Enormous http monitoring requests from druid

Hi,

We’ve set up an intermediary service, that receives druids metrics and alerts configured from monitoring, and republishes metrics to stasd/graphite and alerts to sentry.

However, from what we’ve noticed, the intermediary service takes huge amount of RAM and it turns out, it receives up to 1GB of data per request! Majority of this data are alerts regarding SegmentLoadingException on historical.
While we’re aware of the problems there, is there a way to actually fine-tune what we publish in terms of alerts, or how often does druid re-publishes them on monitoring?

Our monitoring configuration for historicals:

Hi Grzegorz,

Did you set emissionPeriod? http://druid.io/docs/latest/Configuration.html#enabling-metrics

Property
Description
Default
druid.monitoring.emissionPeriod
How often metrics are emitted.
PT1m

Hi Grzegorz, what version of Druid is this?

0.6.160 at the moment, we’re getting ready to upgrade though.

emissionPeriod would still send us all gathered events though, right? There’s no way to turn alerts off?

The emissionPeriod controls how often certain metrics are emitted.

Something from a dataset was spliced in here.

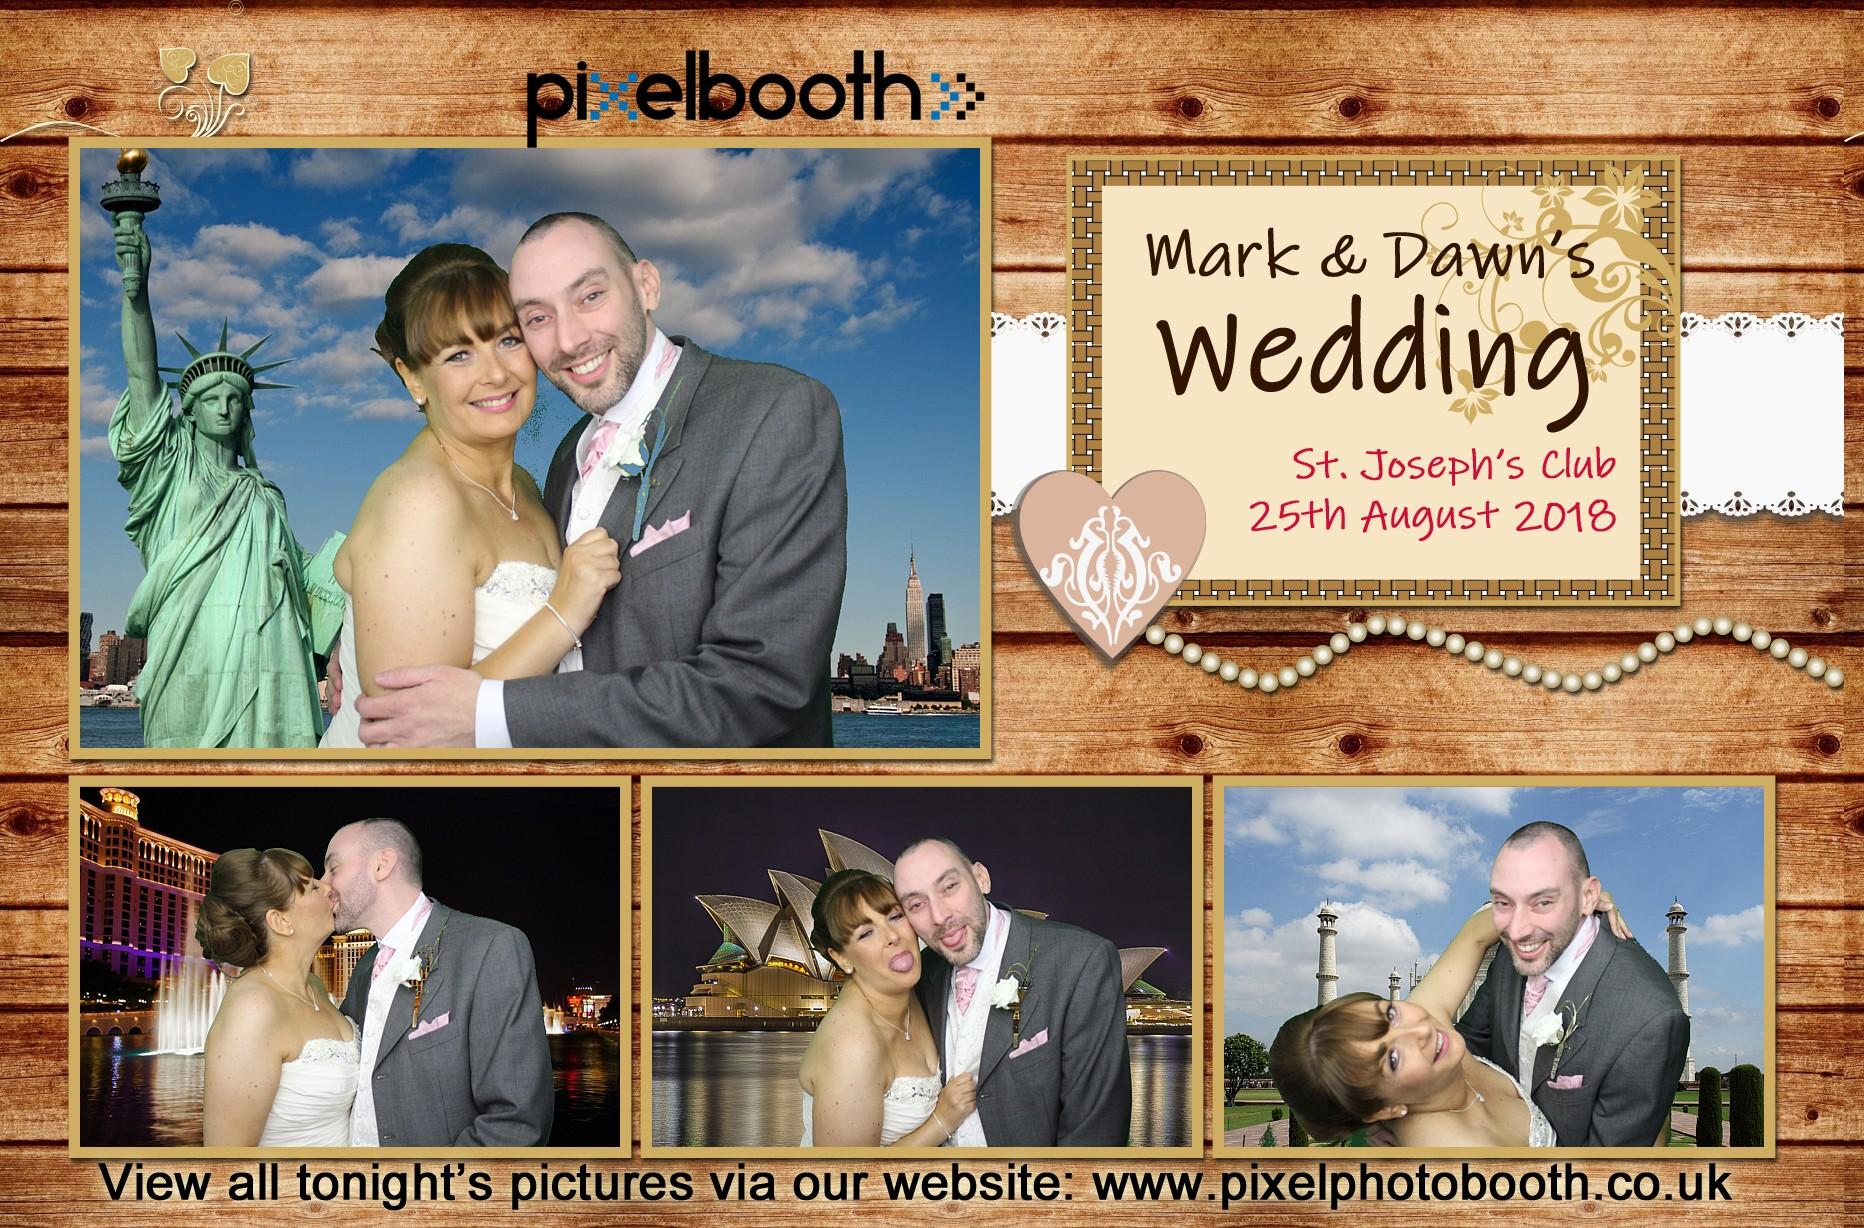 25th Aug 2018: Mark & Dawn's Wedding at St. Joseph's

As for turning alerts off, you can always have your alert emission endpoint discard the alert events.

Fangjin,

What happends if emitter receives for example 503 error on the alert emission endpoint? Will it republish them or simply forget about metrics it already tried to publish?

W dniu piątek, 22 maja 2015 07:44:12 UTC+2 użytkownik Fangjin Yang napisał:

It should try to republish. There is a max limit on how many messages can be queued. Upon hitting this limit, messages will be dropped.

In general, you can choose to respond 200 OK on receiving alerts and just drop them afterwards. That will ensure that nothing gets queued at the druid nodes.

– Himanshu